Mythili Kaul, retired Professor of English, University of Delhi, India, is the editor of “Othello”: New Essays by Black Writers (Howard University Press, 1997). He has published articles on Shakespeare in several journals, including Notes & Queries, American Notes & Queries, Shakespeare Studies, Forum for Modern Language Studies, Hamlet Studies, and The Upstart Crow.

John W. Mahon is Professor Emeritus of English at Iona College, New Rochelle, New York. He has co-edited The Shakespeare Newsletter since 1991 and published in Hamlet Studies and elsewhere. He co-edited a Festschrift for Harold Jenkins and, more recently, co-edited “The Merchant of Venice”: New Critical Essays (Routledge, 2002). His New Kittredge edition of The Tempest nears completion.

John O’Meara taught for many years at Concordia University, the University of Toronto, and the University of Ottawa. His thoughts on Shakespeare and Luther date back to 1977 and first appeared in published form in Hamlet Studies in 1988. Shakespeare, the Goddess, and Modernity, which collects many of his published essays, mostly Shakespearean, appeared in 2012.

Shormishtha Panja is professor of English and Joint Director, Institute of Lifelong Learning, at the University of Delhi, India.

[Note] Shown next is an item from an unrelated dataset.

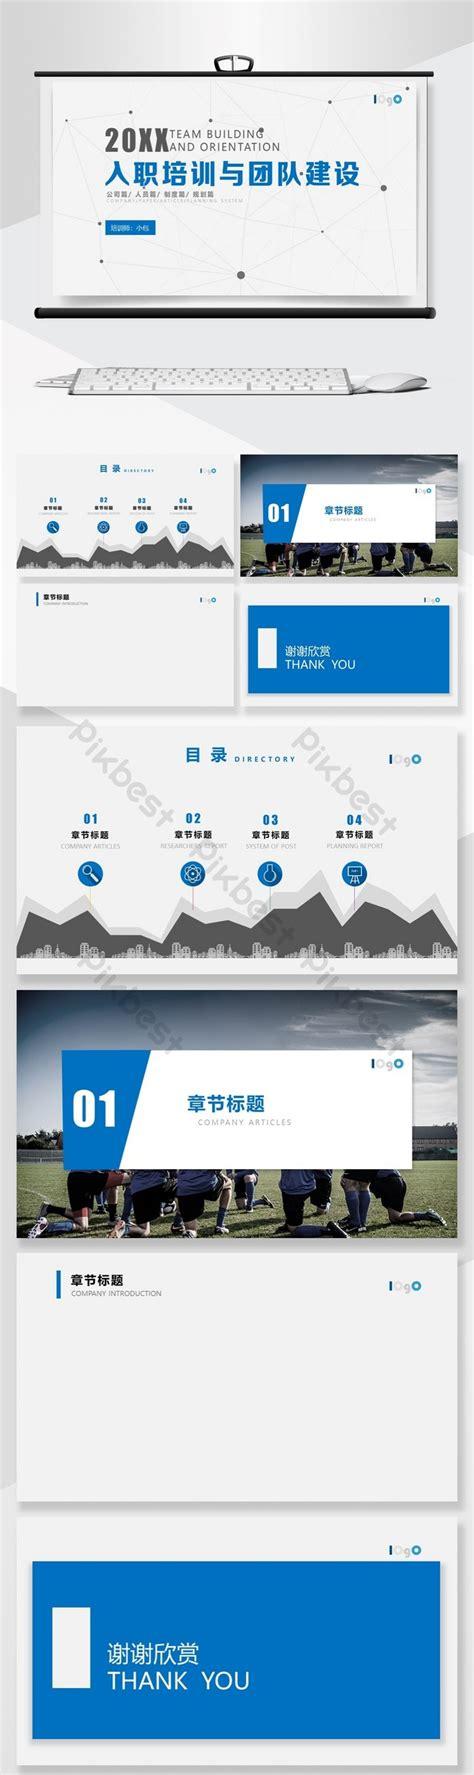 Work with the most accurate pdf to. Biru minimalis latar belakang bangunan tim PPT | PowerPoint templat PPTX Unduhan gratis - Pikbest

She is the president of the Shakespeare Society of India and has taught at Stanford University. She has numerous articles and a number of books to her credit, including Signifying the Self: Women and Literature (coedited) (Macmillan, 2004, rpt. 2007); Word, Image, Text: Studies in Literary and Visual Culture (coedited) (Orient BlackSwan, 2009); Shakespeare and the Art of Lying (Orient BlackSwan, in press); and Shakespeare and Class (Pearson, in press). She has been awarded a fellowship at the Folger Shakespeare Library, Washington, DC.

Subhajit Sen Gupta, Assistant Professor of English at Vidyasagar University, Midnapur, India, wrote a doctoral thesis on Shakespeare’s history plays and completed a project on Indian adaptations and appropriations of Shakespeare. In addition to regularly publishing essays on Shakespeare and Renaissance studies, he is editing Macbeth for Worldview Publishers, New Delhi. In 2006, he played Lear in a critically acclaimed production of King Lear in Kolkata.

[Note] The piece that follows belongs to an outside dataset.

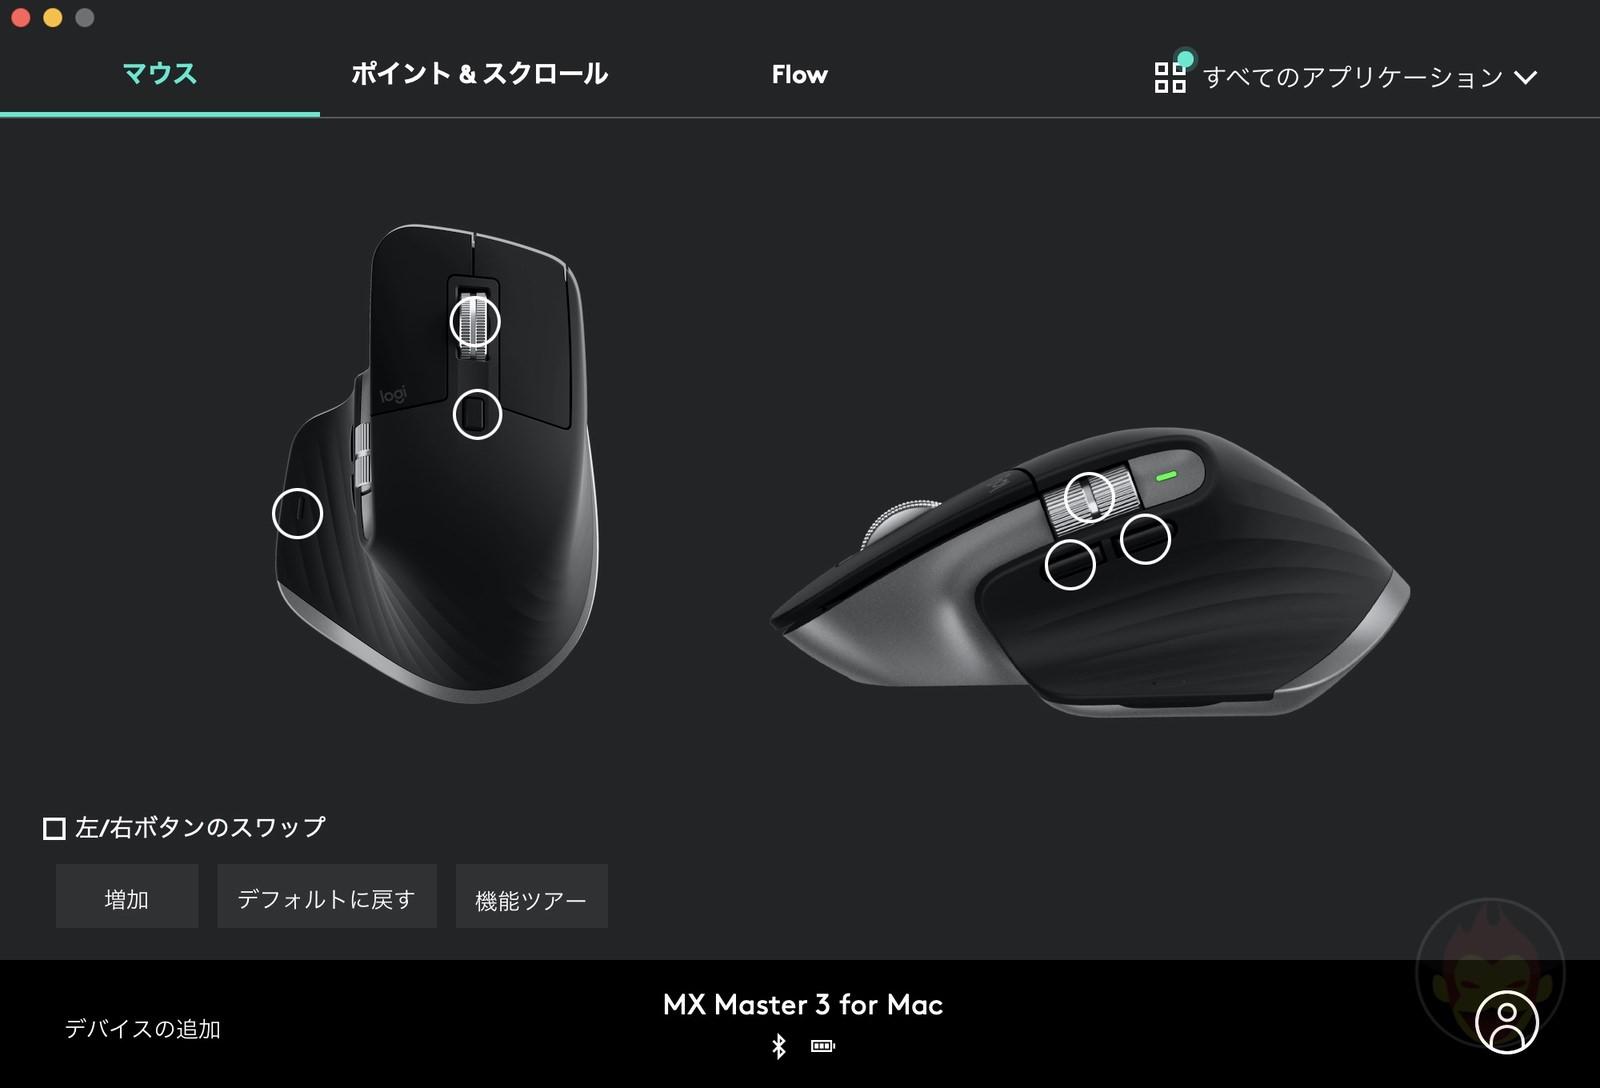 MX-Master-3-connection-trouble-m1-mac-fix-05.jpg

Stuart Sillars is Professor of English at the University of Bergen, Norway. His most recent books are Shakespeare, Time and the Victorians: A Pictorial Exploration (Cambridge University Press, 2012) and Shakespeare and the Victorians (Oxford University Press, 2013).

Grace Tiffany teaches Renaissance literature at Western Michigan University, Kalamazoo. She is editor of Shakespeare’s The Tempest (Cengage, 2012) and coeditor of Approaches to Teaching Shakespeare’s “The Taming of the Shrew” (MLA, 2014). She has authored several scholarly books and numerous articles on Shakespeare, as well as historical fiction. Her latest book is Paint, a novel set in Elizabethan London. She maintains a blog at www.shakespearefiction.blogspot.com.

R. S. White is the Winthrop Professor of English at the University of Western Australia and is Chief Investigator for the Australian Research Council’s Centre of Excellence in the History of Emotions. He has published books on Shakespeare, natural law, natural rights, pacifism in literature, and a literary life of John Keats. He is now researching Shakespeare and film genres.